Je devais donc obéir et me lever, me laver, m'habiller, ranger ma chambre, retourner en cours... Okay. J'ai commencé à faire des incursions dans le bar de maman très chère, je me servais un whiskey pour me "donner du courage"... plus tard, je m'en versais deux doses, et au bout de quelques mois je me foutais de tout. Pour moi le seul moyen d'oublier ma vie merdique était de boire un verre ou deux pour faire fuir mes pensées goudron, pour noyer mes neurones, les empêcher de se connecter entre eux, et de m'éclater en musique, très fort la musique, pour m'empêcher de penser. Ne plus penser. Ne plus respirer...

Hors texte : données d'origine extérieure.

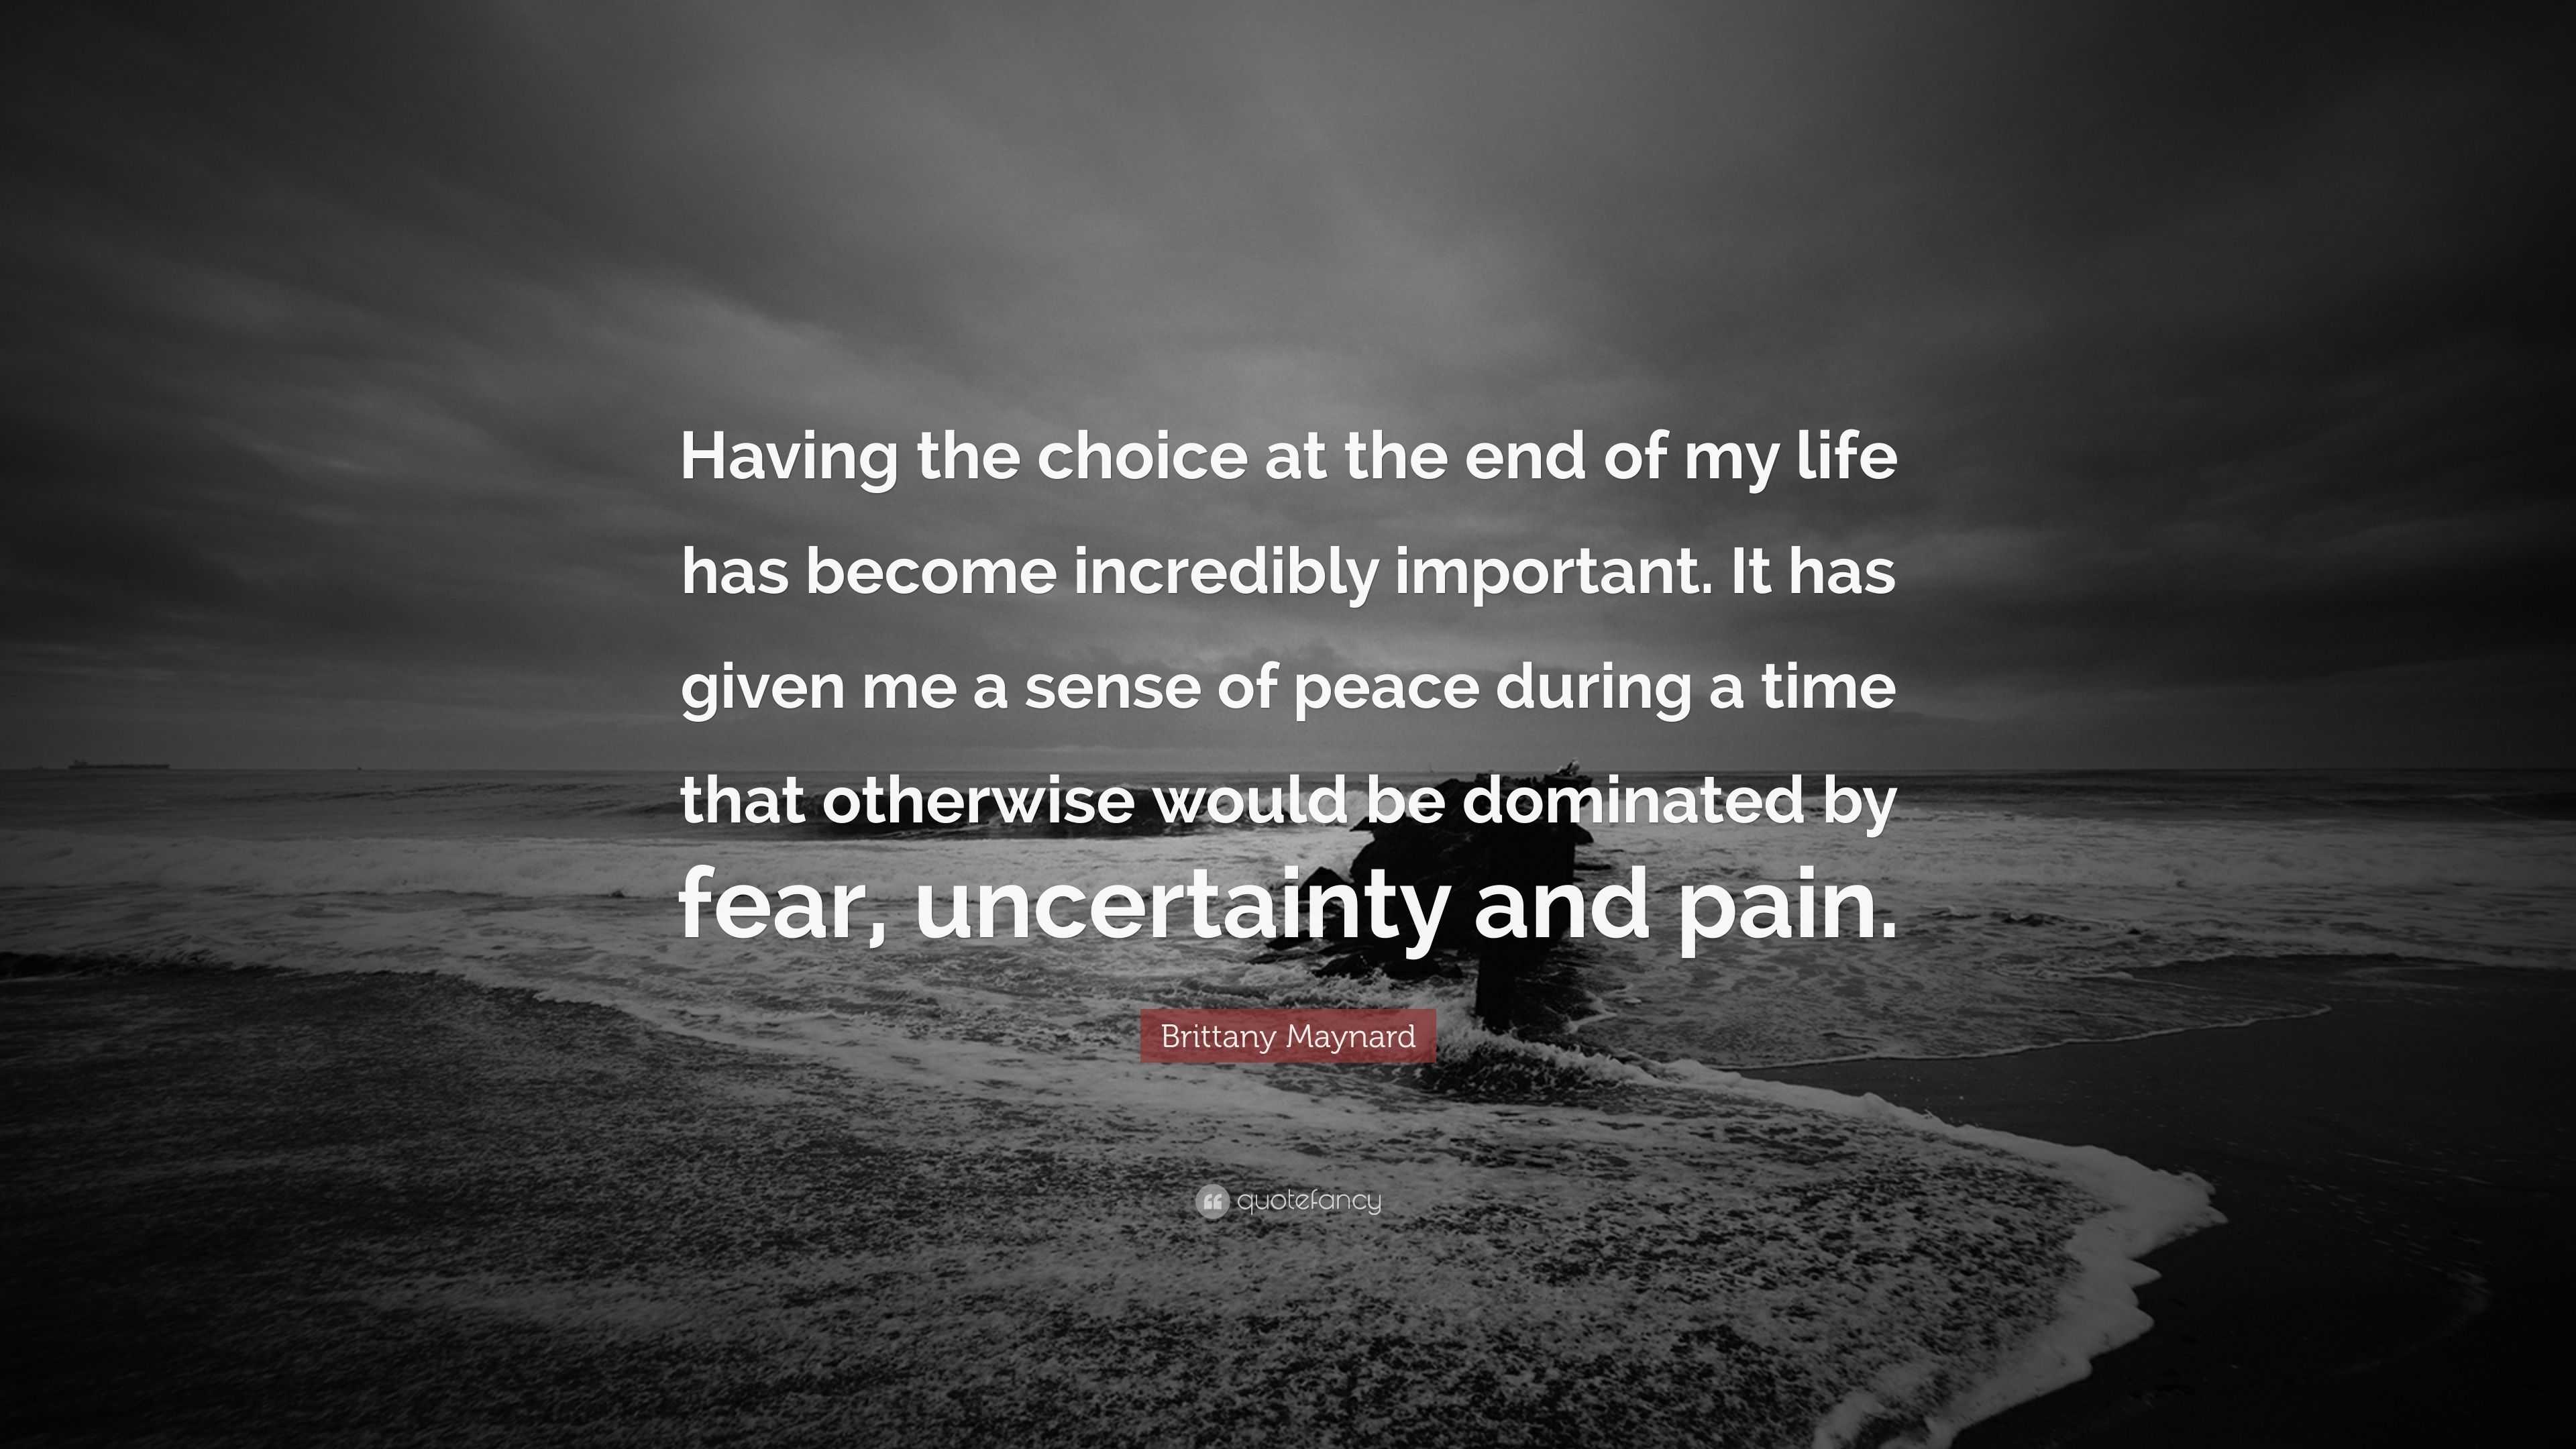 Brittany Maynard Quote: "Having the choice at the end of ...

Ca ne marchait pas, alors j'essayais autre chose, j'étais de toutes les parties,
fêtes, teufs, soirées en club, en boites... L'entrée pour les filles est toujours gratuite et chaque mec voulait me payer un verre. Facile de boire, d'être ivre, de passer le temps de cette
façon...
J'ouvre ici une parenthèse: quand je parle d'être ivre, il faut comprendre: boire un verre d'alcool. Deux maxi... Pour tout un chacun, c'est rien, un verre. Tout le monde boit son apéritif tranquille, plus sa bière, son digestif, son verre de vin ou de cognac, tout le monde sirote son whiskey ou son scotch devant la T.V. en se disant qu'il ne deviendra jamais alcoolique, qu'il ne sera jamais un danger pour la societé au volant.
Mais pour moi; une seule dose d'alcool "ouvrait la porte" à ma personnalité histrionique, et naturellement, quand j'avais deux verres de tequila sunrise dans le nez, ça agissait à fond et la vilaine Darkie montrait le bout du sien, partait en chasse, armée de son arc et ses flèches qui faisaient mouche à chaque décoche... sur les gars...

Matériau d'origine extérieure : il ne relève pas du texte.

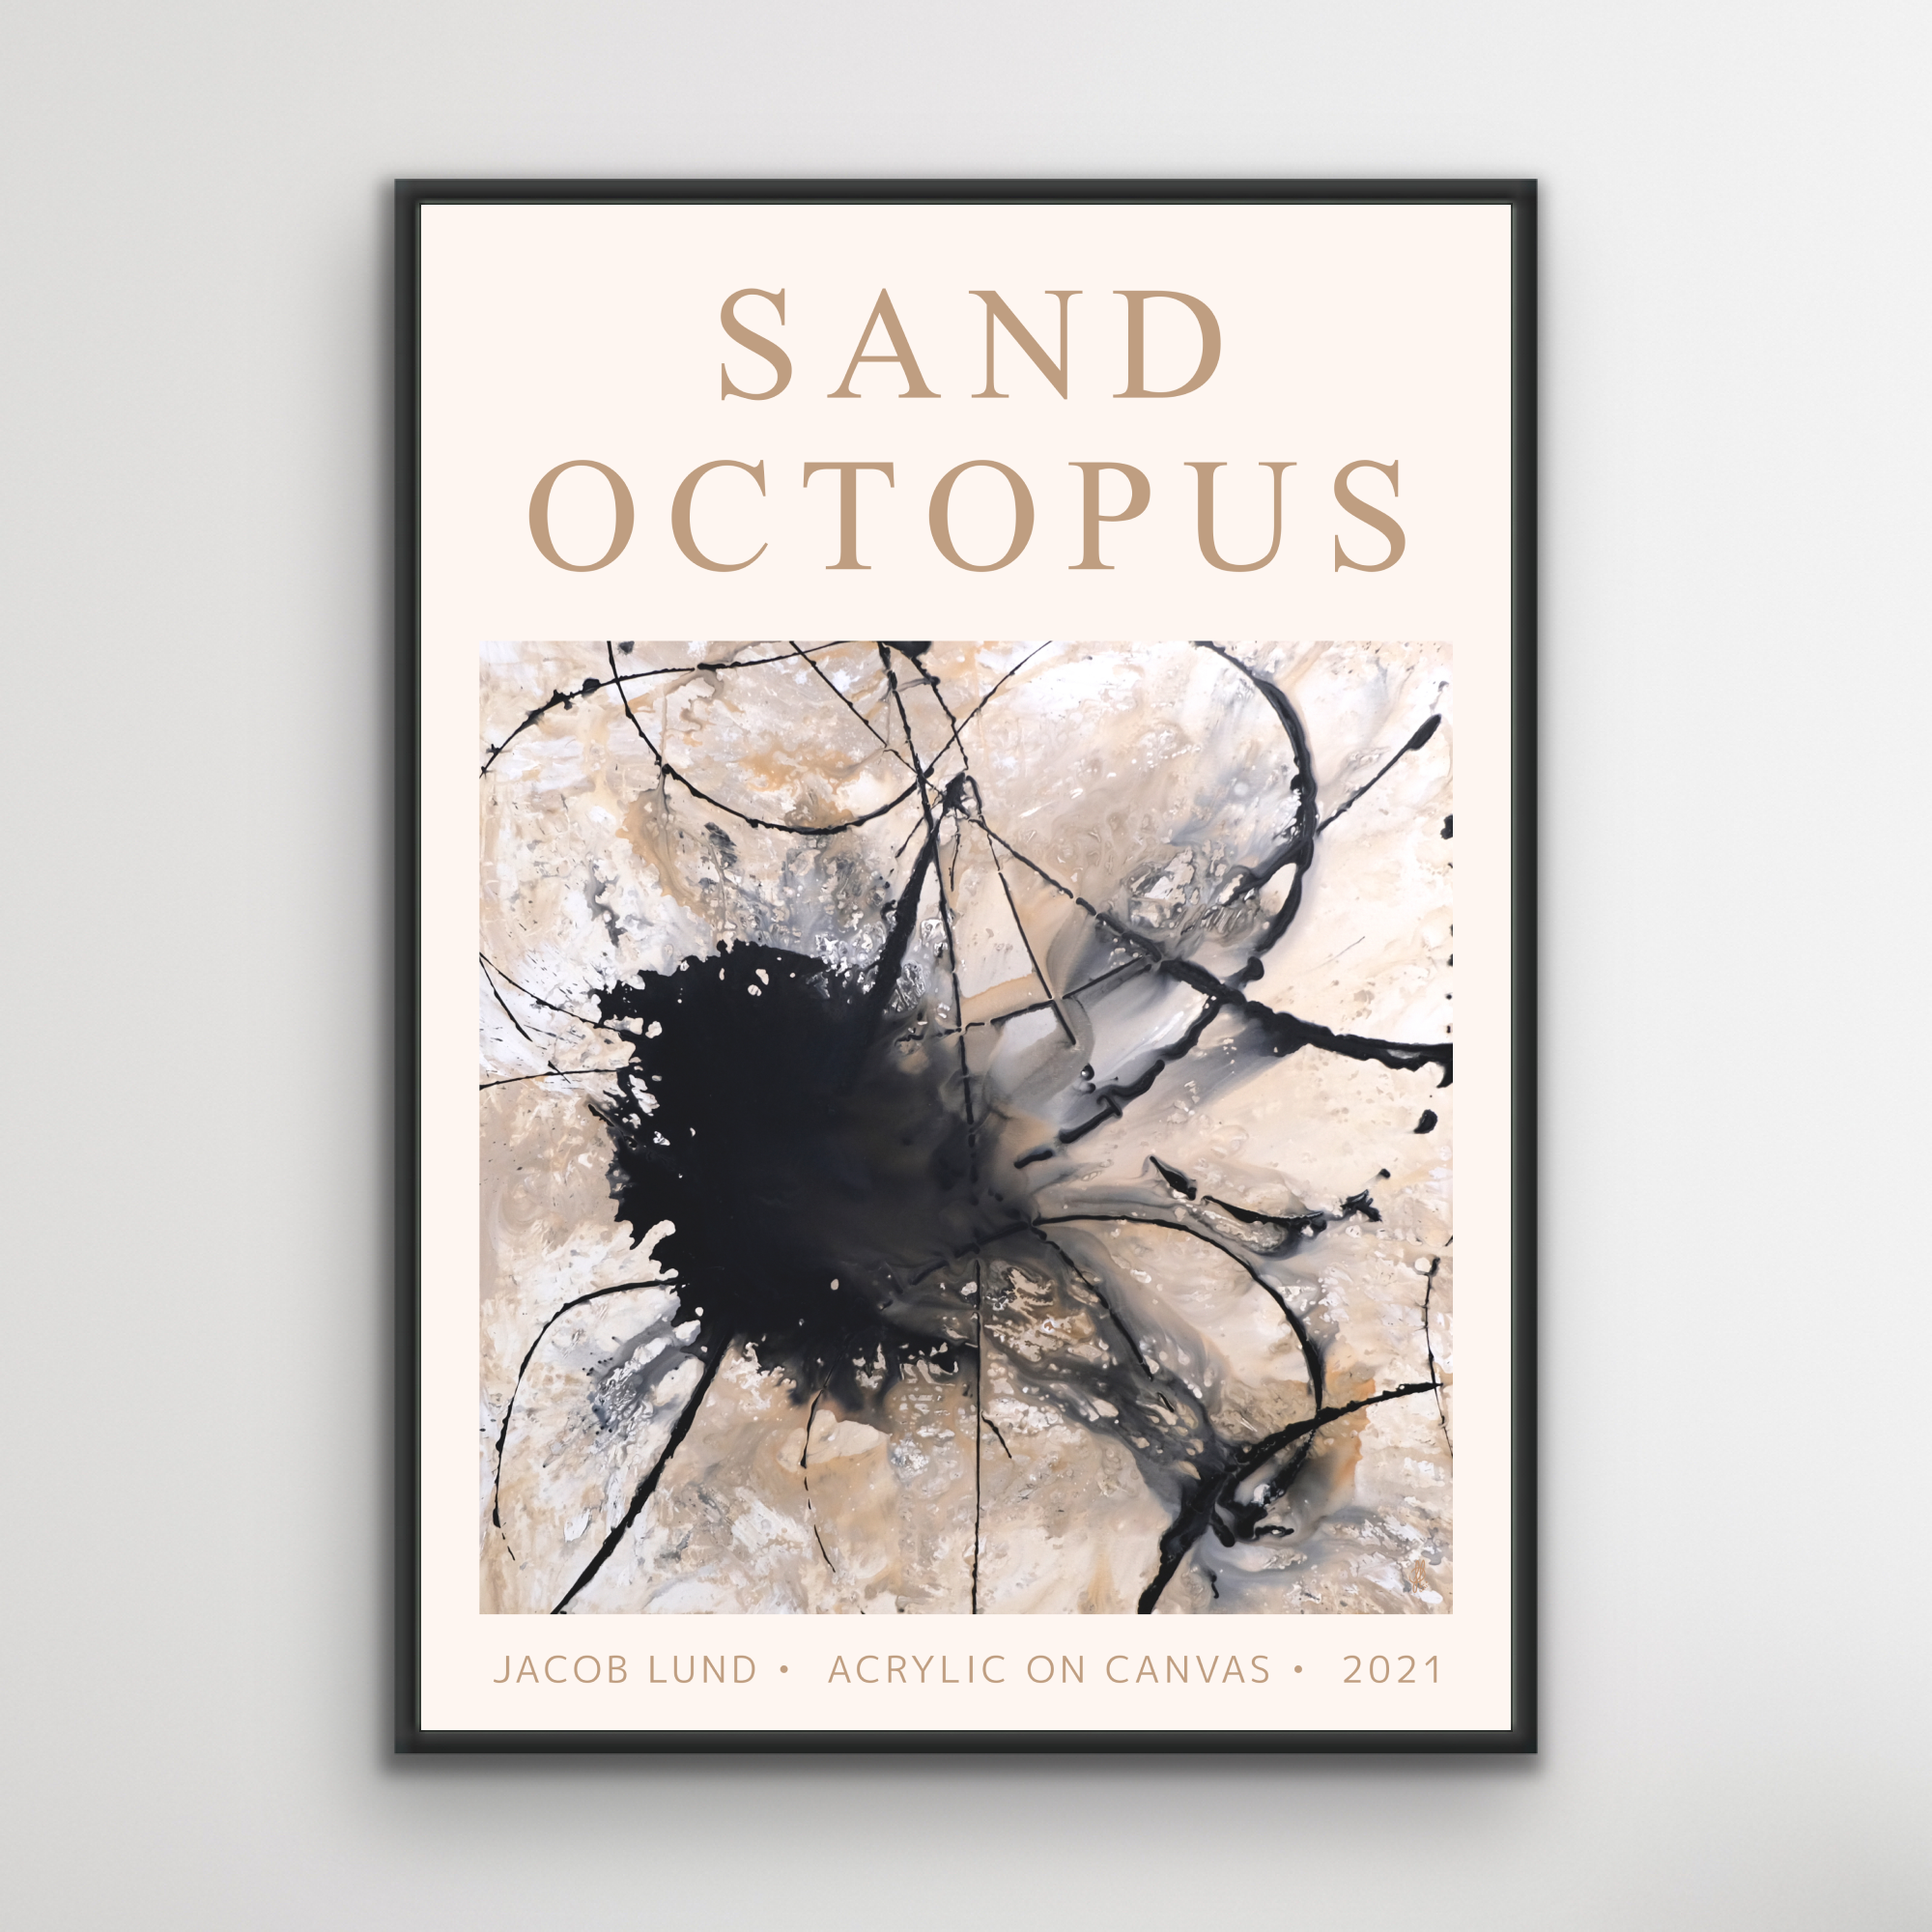 Poster: "Sand Octopus"

Alan, de copain, avait pris le rôle d' Ange-Gardien, il veillait sur moi, sur les ailes brisées de son papillon volage... car l'alcool me faisait littéralement m'envoler... et en août 1995, lors d'une super-chaude nuit d'été, j'allais à cette soirée chez mes amis british: Jo et son frère Benedict, avec l'idée programmée de bien me mettre la tête à l'envers.
J'avais embarqué de l'argent parce que j'avais décidé que j'allais m'acheter de l'ecstasy et personne ne m'en empêcherait. En effet, personne n'est parvenu à m'en empêcher, même pas Al qui me collait de près, les yeux comme un canon de 155 sur tout mec qui osait tenter une approche vers son "Angel"... Il avait remarqué mon air de conspiratrice et ça ne lui plaisait pas du tout, il me tançait vertement depuis cinq minutes et il me saoulait, mon sumodyguard. Il a fallu que je l'envoie sur les roses pour avoir la paix. Et dans ce petit laps de temps, j'ai gobé mon ecstasy achetée juste deux minutes avant à un type de mon lycée, je l'ai faite passer avec un grand verre de coca et plus tard, j'ai bu cul sec une margarita que des mecs en costard-cravate m'offraient, car j'avais super chaud... et je suis retournée danser, j'étais prête pour le trip.
Et là, ça s’est plutôt très mal passé... L'unique cachet d'ecstasy que j'avais acheté et avalé était sans doute frelaté m'a expliqué Alan, plus tard, car j'ai failli crever à deux reprises en deux jours. La première, lors d'une crise d'hyperthermie, la seconde, je me suis jetée par la fenêtre de ma chambre, inconsciemment bien-sûr, j'avais oublié que ma chambre était au second étage de la maison, et donc, je me réveillais à l'hôpital en vrac, la jambe et le poignet fracturés et l'esprit vacant... Enfin, je dis réveillais... Ca, c'est Al qui me l'a relaté plus tard...
Ce que j'ignorais, c'est qu'on avait retrouvé des traces de L.S.D dans mon sang, ainsi que des traces de dépresseur (j'ai su par la suite que c'était Al qui m'avait fait avaler du valium lors de mon bad trip pour contrebalancer les effets des bouffées délirantes.)
O_O !
Mon père, en écoutant le médecin lui énumérer ça; en a déduit que je marchais dignement sur les traces de mon frère et il m'a carrément méprisée depuis ce jour. Ma mère était ravie de clamer à mon père qu'elle avait vu juste et que je répondais à toutes ses prédictions : je finirai bel et bien pocharde, droguée, prostituée, et dans le caniveau...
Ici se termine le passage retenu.